Mainstreaming climate action in national health policy frameworks, combined with political goodwill, innovative financing, research, and innovations, will be key to enhancing the resilience of Africa’s public health systems amid disruptions linked to extreme weather events.

This is the reason why, according to Prof Kone, the loss and damage fund at Conference of Parties (COP28) needs to be more agile and flexible to address climate change adaptation emergencies.

However, Leah Aoko from African Research Impact Network (ARIN), the Nairobi Declaration badly reflects on the African Heads of State and Government who continues to have health as a low priority area despite is linkage with the climate crisis.

“Our preliminary analysis of the Nairobi Declaration coming out from the first African  Climate Summit held from 4-6 September in Kenya’s capital city, show that Africa has an opportunity to strengthen the health systems to make them resilient to the impacts of climate change, taking cognisance of the devastating effects of floods in Libya,” she said.

In addition, Prof Kone said the continent still lacks scientific evidence to support advocacy efforts towards integrating health in climate change discourses and action.

“We still have weak knowledge on scientific evidence in tackling climate change and health nexus in the African region, a lot of things are known but we still need to build more strong and relevant scientific evidence and use them for adaptation,” said Kone.

He said much has been done on climate change alone; carbon sequestration, mitigation and others, but when it comes to adaptation and the need to build the nexus between health and climate change, much still needs to be done.
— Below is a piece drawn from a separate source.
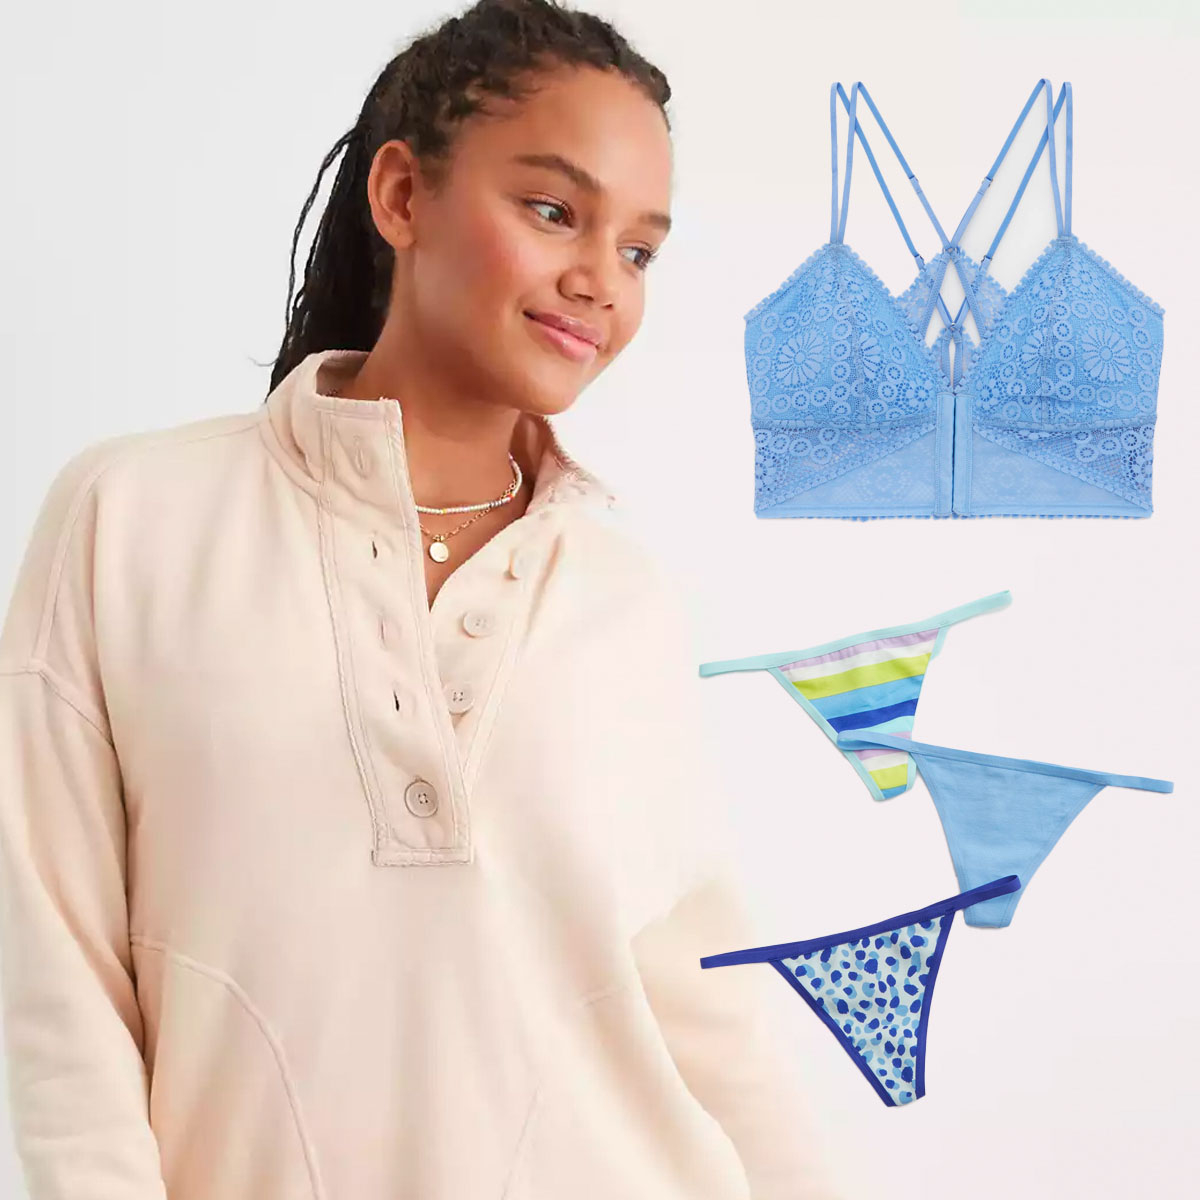 Aerie - Get to know our newest brathe Charley Plunge! Jackie, our buyer  for Aerie Pushup Bras, explains why Charley is a must-have in every bra  wardrobe this season. Tune in now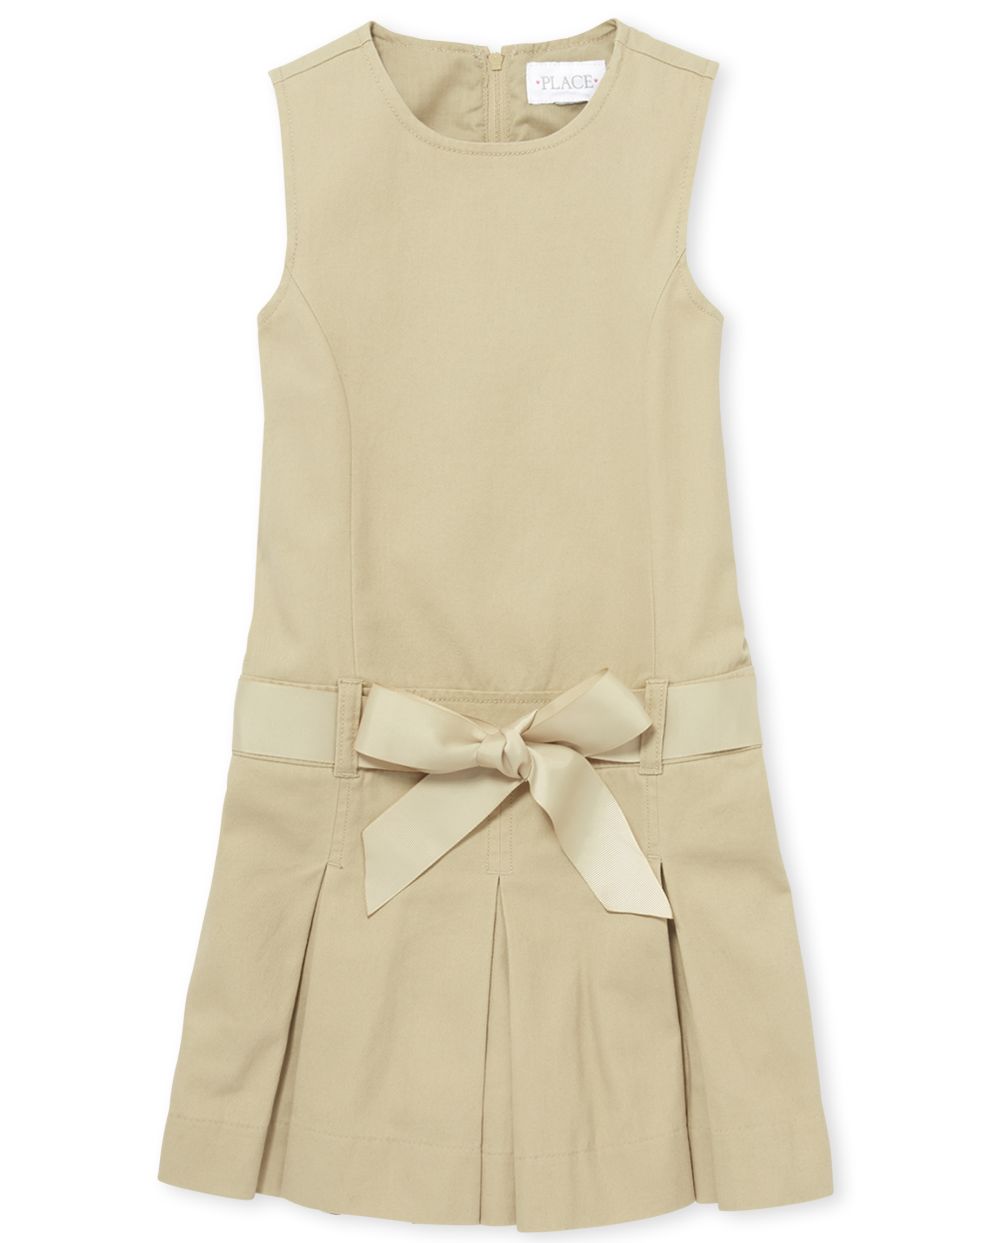 Girls Round Neck Sleeveless Above the Knee Back Zipper Belted Self Tie Pleated Jumper With a Ribbon

According to Melvine Otieno, founder of Planetary health Eastern Africa Hub and Lecturer at the University of Eldoret, Western Kenya, there is a great opportunity for the communities to be able to understand the linkages of the prevailing climate change impacts and the health systems because from one or two interviews conducted at community level, it was observed that there is inadequate understanding of how climate change and health interplays and the meaningful interventions that need to be put in place.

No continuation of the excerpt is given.